**Supplied data**
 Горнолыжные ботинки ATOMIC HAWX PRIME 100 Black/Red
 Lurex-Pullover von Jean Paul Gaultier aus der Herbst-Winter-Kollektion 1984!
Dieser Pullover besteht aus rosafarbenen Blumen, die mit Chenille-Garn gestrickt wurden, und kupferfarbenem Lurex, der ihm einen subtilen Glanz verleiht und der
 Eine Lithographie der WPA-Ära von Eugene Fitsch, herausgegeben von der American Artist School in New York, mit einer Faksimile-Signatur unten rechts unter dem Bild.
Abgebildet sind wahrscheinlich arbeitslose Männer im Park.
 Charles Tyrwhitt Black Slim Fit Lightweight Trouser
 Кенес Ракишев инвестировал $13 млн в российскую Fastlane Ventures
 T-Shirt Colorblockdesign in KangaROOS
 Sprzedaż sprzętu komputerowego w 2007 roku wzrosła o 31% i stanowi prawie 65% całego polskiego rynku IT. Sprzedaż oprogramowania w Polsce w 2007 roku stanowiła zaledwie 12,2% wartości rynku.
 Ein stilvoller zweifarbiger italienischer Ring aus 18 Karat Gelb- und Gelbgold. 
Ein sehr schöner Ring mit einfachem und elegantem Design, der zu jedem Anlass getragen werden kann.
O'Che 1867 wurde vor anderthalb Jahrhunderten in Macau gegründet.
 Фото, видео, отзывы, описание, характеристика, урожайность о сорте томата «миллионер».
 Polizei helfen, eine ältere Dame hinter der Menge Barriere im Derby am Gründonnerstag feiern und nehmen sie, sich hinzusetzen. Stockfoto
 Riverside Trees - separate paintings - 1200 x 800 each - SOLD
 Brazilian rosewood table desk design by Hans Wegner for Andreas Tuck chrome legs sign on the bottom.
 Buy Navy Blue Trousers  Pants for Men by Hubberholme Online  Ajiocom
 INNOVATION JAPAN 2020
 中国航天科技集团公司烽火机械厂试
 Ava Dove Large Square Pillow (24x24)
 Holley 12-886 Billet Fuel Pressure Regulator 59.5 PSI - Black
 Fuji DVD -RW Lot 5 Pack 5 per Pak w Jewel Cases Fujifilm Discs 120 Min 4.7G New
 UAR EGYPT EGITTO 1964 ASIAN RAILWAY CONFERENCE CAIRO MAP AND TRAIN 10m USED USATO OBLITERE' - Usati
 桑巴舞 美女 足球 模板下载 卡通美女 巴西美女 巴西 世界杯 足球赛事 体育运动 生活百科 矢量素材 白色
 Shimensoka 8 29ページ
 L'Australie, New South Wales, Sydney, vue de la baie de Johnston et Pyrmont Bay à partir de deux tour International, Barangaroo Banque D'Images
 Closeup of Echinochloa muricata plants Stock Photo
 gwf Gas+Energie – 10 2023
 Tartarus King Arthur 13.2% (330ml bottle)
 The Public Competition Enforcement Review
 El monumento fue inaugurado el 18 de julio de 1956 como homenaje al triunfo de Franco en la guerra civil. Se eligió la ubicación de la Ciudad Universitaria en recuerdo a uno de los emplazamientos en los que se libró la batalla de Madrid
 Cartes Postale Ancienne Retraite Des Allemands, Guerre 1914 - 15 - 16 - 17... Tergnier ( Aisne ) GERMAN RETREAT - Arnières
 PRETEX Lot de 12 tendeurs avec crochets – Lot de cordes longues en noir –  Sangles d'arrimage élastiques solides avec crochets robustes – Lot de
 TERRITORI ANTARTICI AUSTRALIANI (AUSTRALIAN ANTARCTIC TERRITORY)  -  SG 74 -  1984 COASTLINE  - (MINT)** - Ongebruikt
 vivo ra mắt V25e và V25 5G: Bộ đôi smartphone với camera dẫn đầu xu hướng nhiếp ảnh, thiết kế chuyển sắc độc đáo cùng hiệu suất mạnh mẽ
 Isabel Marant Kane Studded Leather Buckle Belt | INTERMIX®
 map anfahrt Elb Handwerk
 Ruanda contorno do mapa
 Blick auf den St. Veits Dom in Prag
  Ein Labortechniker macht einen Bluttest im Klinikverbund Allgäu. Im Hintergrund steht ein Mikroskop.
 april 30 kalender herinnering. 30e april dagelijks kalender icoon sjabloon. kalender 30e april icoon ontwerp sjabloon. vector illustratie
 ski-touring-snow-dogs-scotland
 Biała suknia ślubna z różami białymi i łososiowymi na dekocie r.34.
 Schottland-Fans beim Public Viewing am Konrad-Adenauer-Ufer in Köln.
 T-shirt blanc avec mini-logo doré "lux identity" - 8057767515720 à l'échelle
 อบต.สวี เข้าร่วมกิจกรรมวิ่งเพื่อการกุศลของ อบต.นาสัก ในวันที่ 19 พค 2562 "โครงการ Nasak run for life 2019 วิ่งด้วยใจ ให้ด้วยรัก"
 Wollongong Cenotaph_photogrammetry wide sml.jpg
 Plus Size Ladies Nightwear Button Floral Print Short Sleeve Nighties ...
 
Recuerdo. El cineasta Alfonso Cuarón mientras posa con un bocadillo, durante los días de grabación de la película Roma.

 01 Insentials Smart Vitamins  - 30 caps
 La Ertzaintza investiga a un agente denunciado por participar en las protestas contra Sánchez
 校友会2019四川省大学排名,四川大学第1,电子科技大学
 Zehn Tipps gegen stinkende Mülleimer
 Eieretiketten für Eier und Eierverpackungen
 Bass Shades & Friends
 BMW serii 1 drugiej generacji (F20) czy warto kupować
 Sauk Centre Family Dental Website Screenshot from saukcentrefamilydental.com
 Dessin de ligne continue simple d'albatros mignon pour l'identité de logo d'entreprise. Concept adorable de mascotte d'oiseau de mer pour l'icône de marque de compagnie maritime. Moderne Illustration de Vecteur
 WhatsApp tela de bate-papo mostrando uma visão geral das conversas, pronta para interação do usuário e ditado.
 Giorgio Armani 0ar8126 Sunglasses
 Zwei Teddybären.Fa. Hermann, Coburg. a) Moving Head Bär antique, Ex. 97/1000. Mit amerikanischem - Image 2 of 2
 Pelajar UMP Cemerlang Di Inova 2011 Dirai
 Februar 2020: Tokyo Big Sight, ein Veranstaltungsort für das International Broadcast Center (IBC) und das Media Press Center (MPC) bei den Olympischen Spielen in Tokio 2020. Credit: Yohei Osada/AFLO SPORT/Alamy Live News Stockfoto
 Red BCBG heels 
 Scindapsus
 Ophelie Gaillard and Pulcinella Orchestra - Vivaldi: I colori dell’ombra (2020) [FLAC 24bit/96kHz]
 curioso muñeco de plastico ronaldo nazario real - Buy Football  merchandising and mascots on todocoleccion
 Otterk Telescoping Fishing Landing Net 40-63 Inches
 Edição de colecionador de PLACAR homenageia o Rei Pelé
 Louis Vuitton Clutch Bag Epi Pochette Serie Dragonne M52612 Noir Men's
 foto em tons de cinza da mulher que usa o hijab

**Action item**
Return verbatim each line from the one that mentions "Sauk Centre Family" to the end of the entries, inclusive.

**Task response**
 Sauk Centre Family Dental Website Screenshot from saukcentrefamilydental.com
 Dessin de ligne continue simple d'albatros mignon pour l'identité de logo d'entreprise. Concept adorable de mascotte d'oiseau de mer pour l'icône de marque de compagnie maritime. Moderne Illustration de Vecteur
 WhatsApp tela de bate-papo mostrando uma visão geral das conversas, pronta para interação do usuário e ditado.
 Giorgio Armani 0ar8126 Sunglasses
 Zwei Teddybären.Fa. Hermann, Coburg. a) Moving Head Bär antique, Ex. 97/1000. Mit amerikanischem - Image 2 of 2
 Pelajar UMP Cemerlang Di Inova 2011 Dirai
 Februar 2020: Tokyo Big Sight, ein Veranstaltungsort für das International Broadcast Center (IBC) und das Media Press Center (MPC) bei den Olympischen Spielen in Tokio 2020. Credit: Yohei Osada/AFLO SPORT/Alamy Live News Stockfoto
 Red BCBG heels 
 Scindapsus
 Ophelie Gaillard and Pulcinella Orchestra - Vivaldi: I colori dell’ombra (2020) [FLAC 24bit/96kHz]
 curioso muñeco de plastico ronaldo nazario real - Buy Football  merchandising and mascots on todocoleccion
 Otterk Telescoping Fishing Landing Net 40-63 Inches
 Edição de colecionador de PLACAR homenageia o Rei Pelé
 Louis Vuitton Clutch Bag Epi Pochette Serie Dragonne M52612 Noir Men's
 foto em tons de cinza da mulher que usa o hijab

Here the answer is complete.